The boring, simple question is, “Why was the card so weak?” To this we can ascribe poor planning on the UFC's part plus a little bad luck. The original plan was to have former bantamweight champion Cody Garbrandt face Figueiredo in the main event. The card still would have been weak, but it would have likely outsold Nunes vs. Pennington, or, for that matter, UFC 250, Nunes vs. Spencer, from earlier this year. Then, however, Garbrandt suffered an injury. Nevertheless, part of the blame is on the UFC for spreading itself out so thin with endless cards every weekend and not scheduling more big matches for UFC 255. If the card being even remotely attractive hinges on Cody Garbrandt—who has pulled out of big fights before—showing up, you've done something wrong.
The more interesting question here is what to do with Shevchenko and Figueiredo. Here we go back to a cornerstone of one of my earliest articles. There are three types of fighting; for entertainment, for sport, and for one's life. It's been a long time since there was any element of the latter in the organization—not since the 90s, at least—and the modern UFC is a mix of sport and entertainment, which is where the ambiguity comes in. If the UFC was only fighting for sport, then the answer would be simple. The UFC’s two flyweight champs are among the greatest pound-for-pound fighters in the world and thus should be featured in the main and co-main events of PPVs for as long as they retain that status.
And if the UFC were purely entertainment, then the answer would be equally clear. You banish Valentina and Figueiredo to the preliminary card—or possibly cut them altogether if their paycheck doesn't justify their drawing power. Don't scoff at this. After all, the UFC traded away Demetrious Johnson, maybe the greatest fighter of all time, for an unproven, but more entertaining personality in Ben Askren. And the UFC outright cut the third-best female flyweight on the planet, Liz Carmouche, immediately after she dropped a decision to Shevchenko, in large part because they considered her boring. Dana White also famously threatened to cut Anderson Silva for a lackluster performance in defending his championship against Thales Leites.
So what to do? Shevchenko and Figueiredo are great champions but they're terrible pay-per-view draws. Amusingly, the answer is something the UFC used to do but has increasingly gone away from: feature these champions on free fight cards. Not pay-per-view or ESPN+, but the few free cards on ESPN’s flagship channel. For one, this would vastly increase their exposure and possibly lead to them becoming PPV stars in the future. Figueiredo looked tremendous and unbeatable in securing a guillotine choke against Alex Perez, proving that there are no safe places against him. If you stand with him, he will knock you out, and if you go to the ground, he will submit you.

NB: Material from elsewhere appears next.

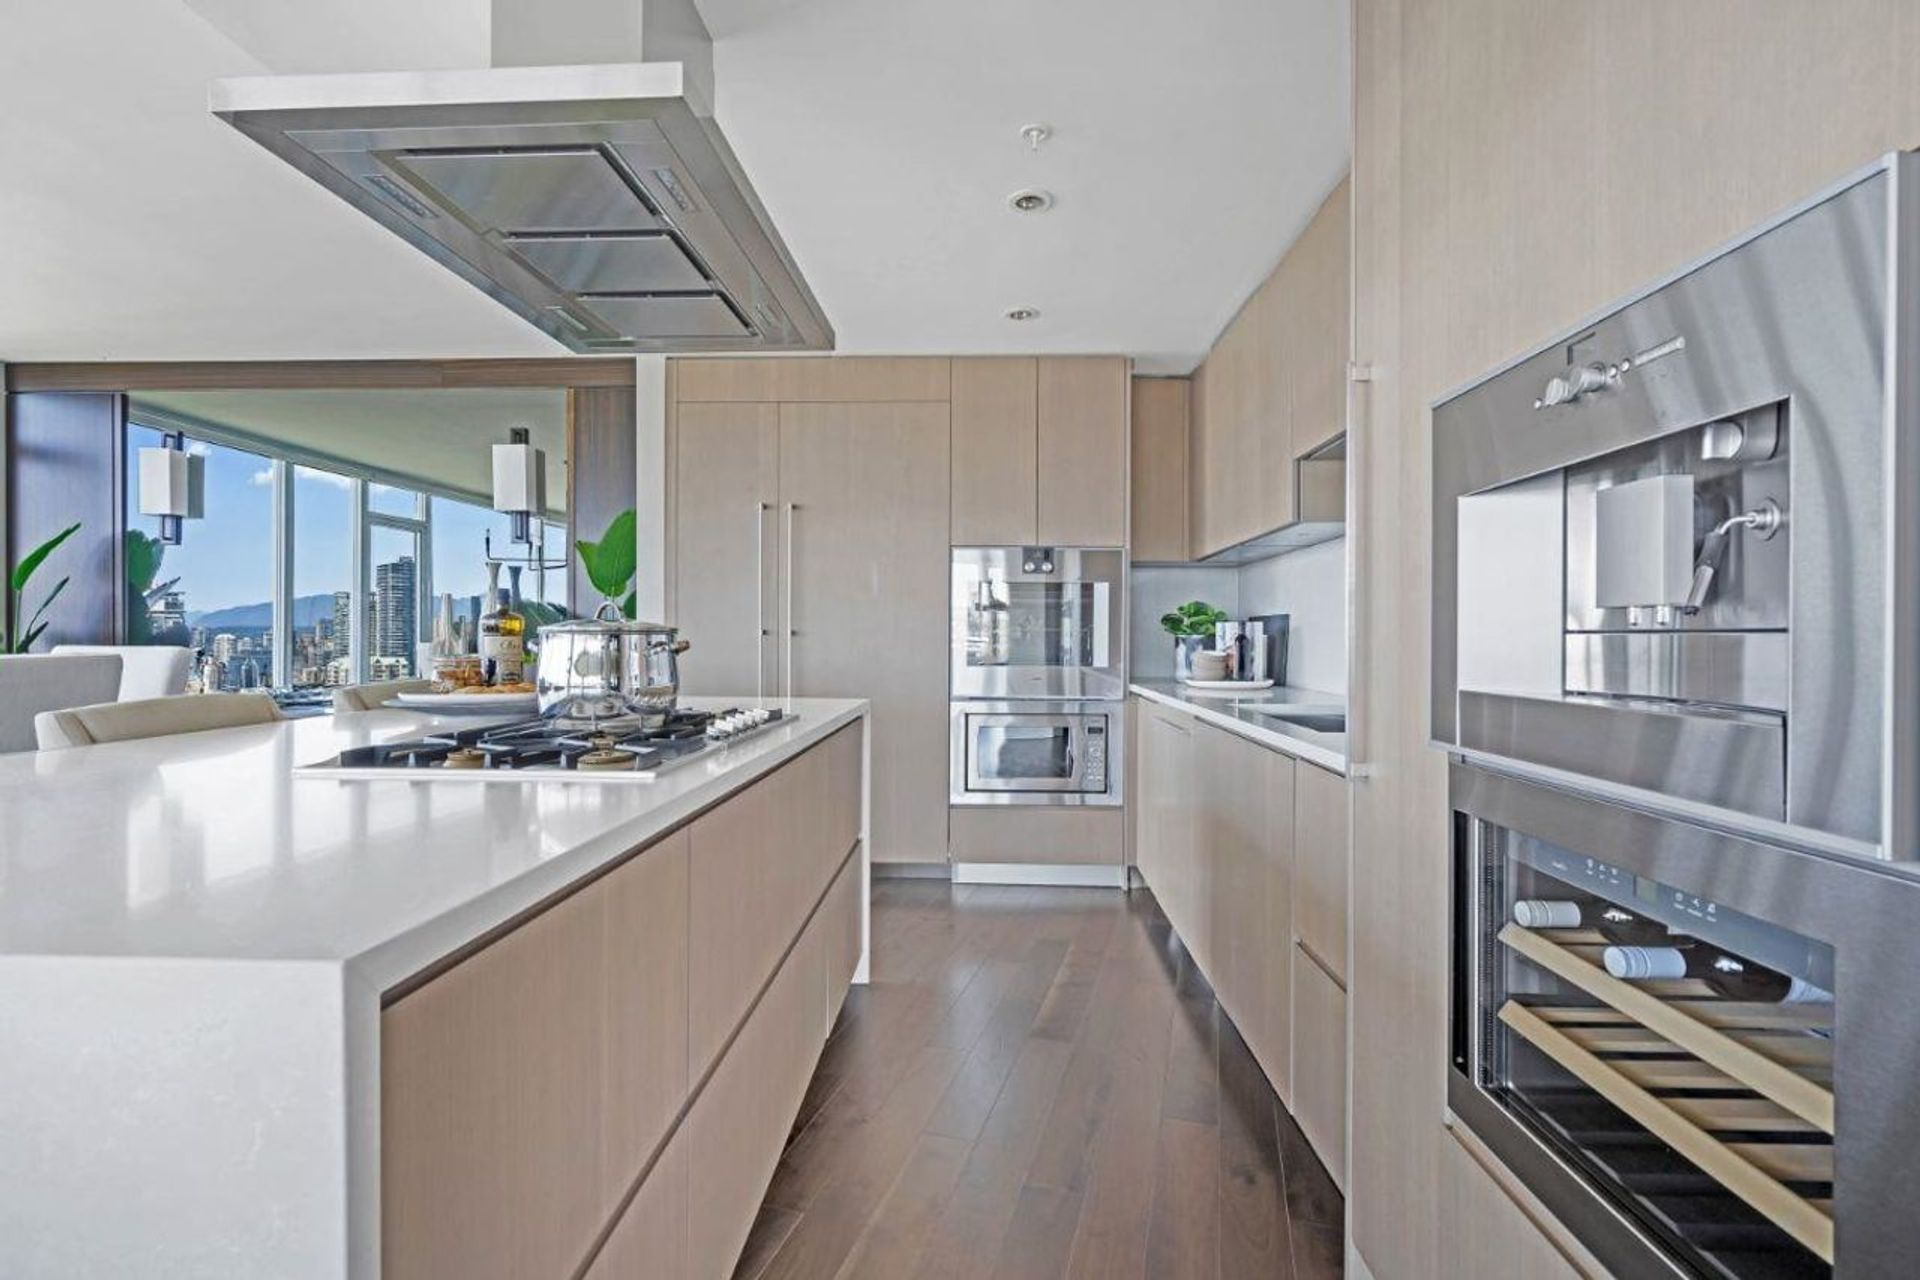 210-salter-street-queensborough-new-westminster-08 at 2103 - 210 Salter Street, Queensborough, New Westminster

But how many people actually saw it? An order of magnitude less than would have on free television. Additionally, it will improve ratings, for however much that is worth to the company. More importantly, there is so little upside here. How many additional PPVs are going to be sold by Shevchenko’s and Figueiredo’s names attached, compared to how many the UFC would sell based in its own brand name alone? Perhaps a few thousand, at most? Are such relative peanuts worth it? Pay-per-view main and co-main events should be reserved either for established stars like Conor McGregor, Khabib Nurmagomedov and Jon Jones, or else others with a solid chance of getting there, like Israel Adesanya and Kamaru Usman.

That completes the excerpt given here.